Then distribution of values extracted from the explanatory rasters are then recoded to the weight values based on the predetermined bins.  The cut function is used to recode. as.numeric(as.character(.)) is used as a bit of a hackey way to convert the factors resulting tom cut back to numeric values.

# reclass vector
h20_reclass     <- cut(h20_sim, breaks = h20_cls, labels = h20_wgt)
slope_reclass <- cut(slope_sim, breaks = slp_cls, labels = slp_wgt)
soil_reclass <- cut(soil_sim, breaks = soil_cls, labels = soil_wgt)
h20_reclass   <- as.numeric(as.character(h20_reclass))
slope_reclass <- as.numeric(as.character(slope_reclass))
soil_reclass <- as.numeric(as.character(soil_reclass))[

var_matrix <- data.frame(slope_wght = slope_reclass, 
                         h20_wght = h20_reclass,
                         soil_wght = soil_reclass)

The plot below shows the destiny of weight values across each variable from the simulated landscape.  Notice the peaked density for high sensitivity values of distance to water compared to generally low density and even densities for slope.  This results form the interaction of arbitrary weights, bins, and the nature of the landscape being modeled.

plot2

(code for above plot)

var_matrix_melt <- melt(var_matrix)
ggplot(data = var_matrix_melt, aes(x = value, fill = as.factor(variable))) +
  geom_density(binwidth = 0.05) +
  xlab("Sensitivity Weight") +
  facet_grid(variable~.) +
  theme_bw() +
  theme(
    legend.title = element_blank(),
    axis.title = element_text(face = "bold"),
    strip.text.y = element_text(face = "bold", size = 12),
    strip.background = element_rect(colour = "gray10", fill = "gray90"),
    legend.position = "none")+
  scale_fill_brewer(palette="Paired") +
  scale_x_continuous(breaks=seq(0,1,0.1))

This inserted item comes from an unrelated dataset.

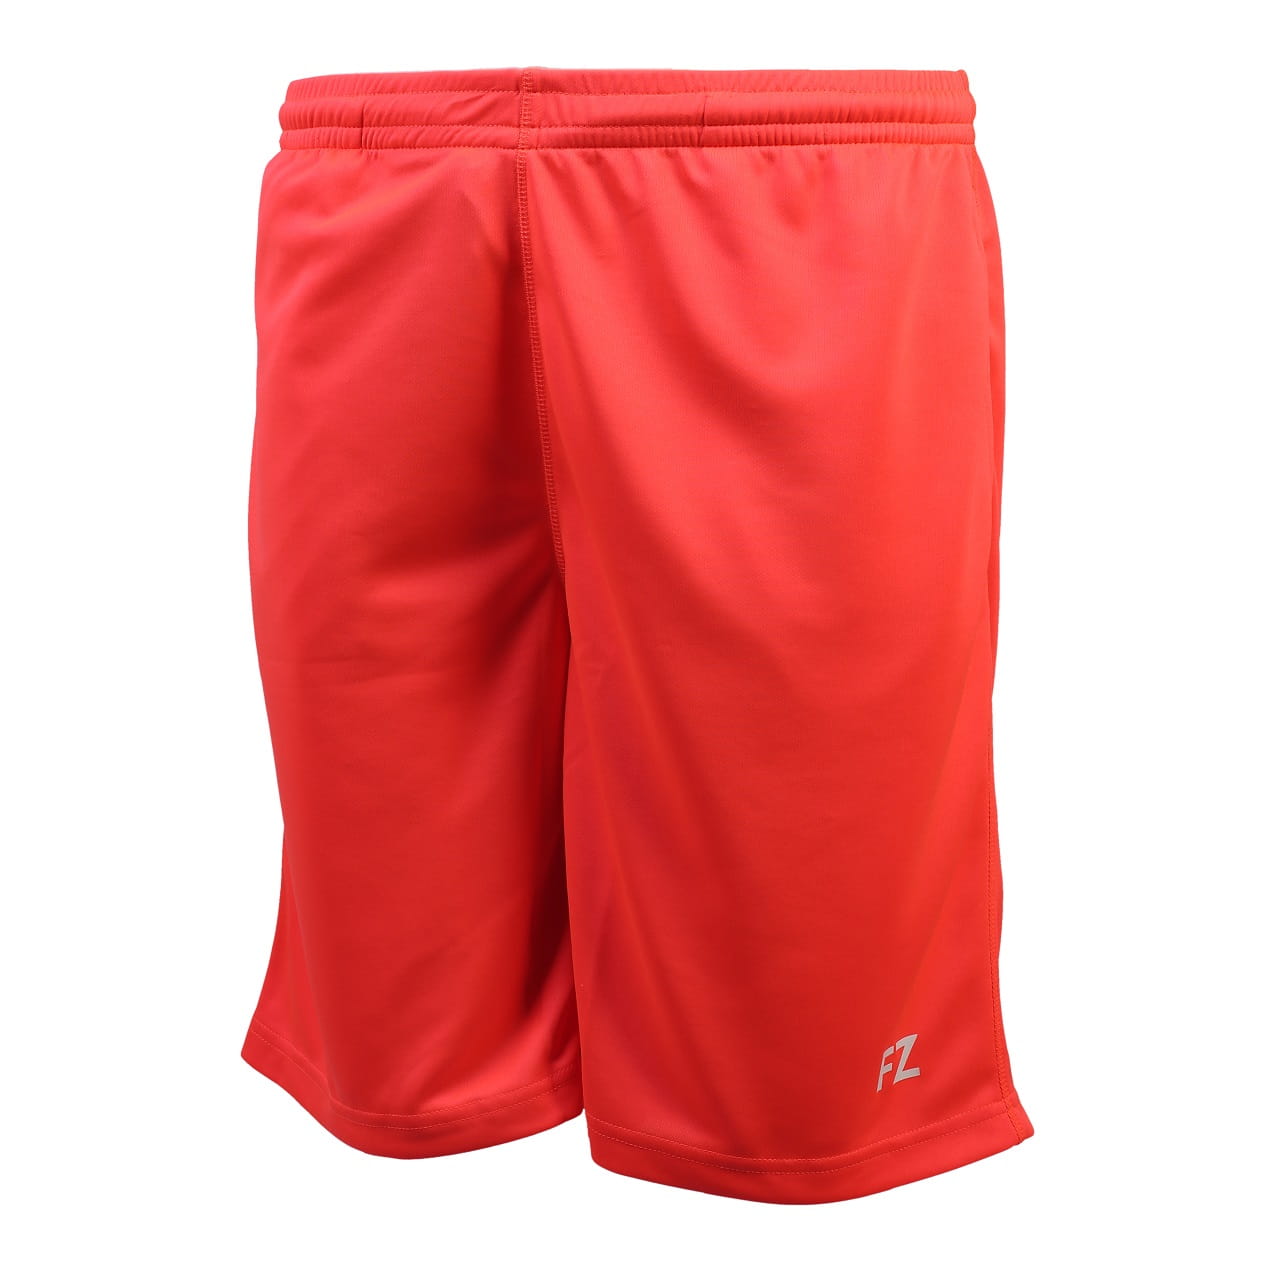 Landers Shorts (Chinese Red)

The final step in the model is to combine the weights across variables in to form an overall sensitivity value.  As described above, this can be done in any numbers of ways, but typically is a simple sum or mean of weights.  There is little guiding theory to help inform what should be done here, but the intention is to show locations where more desirable attributes intersect.  Mean and Median have some attraction because the final sensitivity is on the same [0,1] scale. However, these turn into essentially sample means/medians and have a Central Limit Theorem effect where all values trend toward the mean. This is because the are many likely ways to combine values to equal 0.5, but many fewer likely combinations that equal 0.9. Summing the values has a similar issue and also changes the scale of the combined sensitivity based on the number of variables in the model. These issues are some of the most important to understand if working with ACW. The plots below show how the final sensitivity value distribution changes based on the method used to construct it; Sum, Mean, or Median.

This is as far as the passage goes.